Category Archives: Colourism

Wild is the blackface

(Three thoughts after watching the trailer of Zoe Saldana playing Nina Simone.)

1. Seeing Zoe Saldana all blackfaced up to play Nina Simone is something even living in the Netherlands didn’t prepare me for. In the home of Black Pete and carnival floats with titles like “N*gger boat” carrying blackfaced white folks and some of their most offensive songs across the Southern towns, plenty of us critical, gifted and Black inhabitants of the Lowlands might think that when it comes to racist face paint, we’ve seen it all. Every now and then it enters a space we thought wouldn’t. Like that weekend when it took a stream of  Tweets to convince the internationally known North Sea Jazz festival that hell yes it’s offensive to beam images of Al Jolson performing his other racist routines as part of your “celebrating jazz!”-clip.  If anything, the Netherlands makes it a daily practice to affirm that Mainstream Western, Eurocentric Whiteness and those who long to be validated by it, will never not sink their teeth into an opportunity to spit in our contemporary and ancestral faces. The Blacker our berry, the more venomous their fangs. But Saldana’s bite, while her jaw  is being massaged by the hand that starves us, is one that, if you’d let it, would suck the salt from our cultural sweat.
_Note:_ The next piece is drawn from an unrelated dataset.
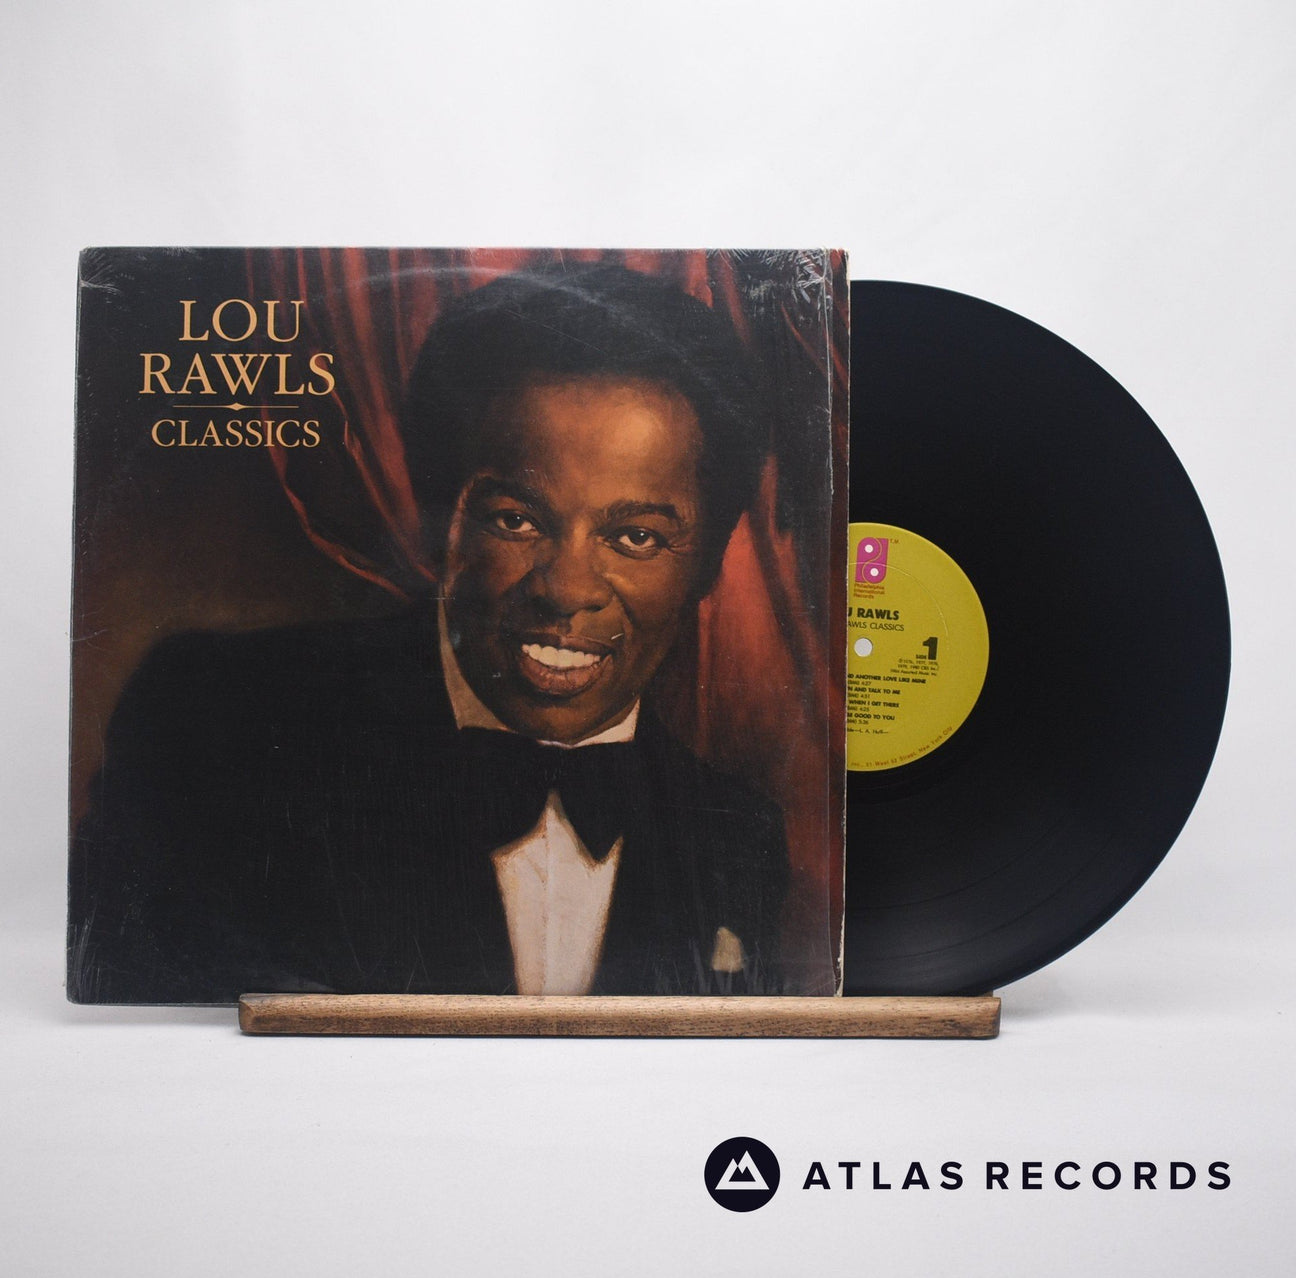 Lou Rawls Classics LP Vinyl Record - Front Cover & Record

2. I don’t care about Saldana’s acting skills because it’s not about craft, it’s about colorism and misrepresentation. It’s about whitewashing for consumption while blackfacing for “correction”. It’s about telling dark skinned actresses with facial features like Miss Simone that they’re not even worthy of portraying their own reflection and yes, it is also very much about having a woman who “doesn’t like to talk about race” portray the Icon who gave us To Be Young, Gifted and Black, Pirate Jenny and Four Women.
In the cinematic tradition of centring biopics of game changing, dark skinned artists around abusive rage or other destructive behaviour, a light skinned woman  with completely different facial features than Nina Simone plus one who argues that white people are really pink because white is the color of paper and is tired of talking about race and/or ethnicity, jumped out of all the seats she should be having and yelled: “Yes. Yes, this will be my contribution to our understandings of the High Priestess!”

Ade

Adepero Oduye

3. After we’re done boycotting this movie straight to the discount DVD box, can we start investing some of our moneys in a biopic starring Tamar-kali or Adepero Oduye as Nina Simone? Can it be directed by Dee Rees? Can Lorraine Hansberry, Langston Hughes, Betty Shabazz, al-Hajj Malik al-Shabazz, James Baldwin, Sammy Davis Jr. and Harry Belafonte be portrayed by actors who’re all fairly unknown to most of our audiences because we understand the importance of creating space for each other?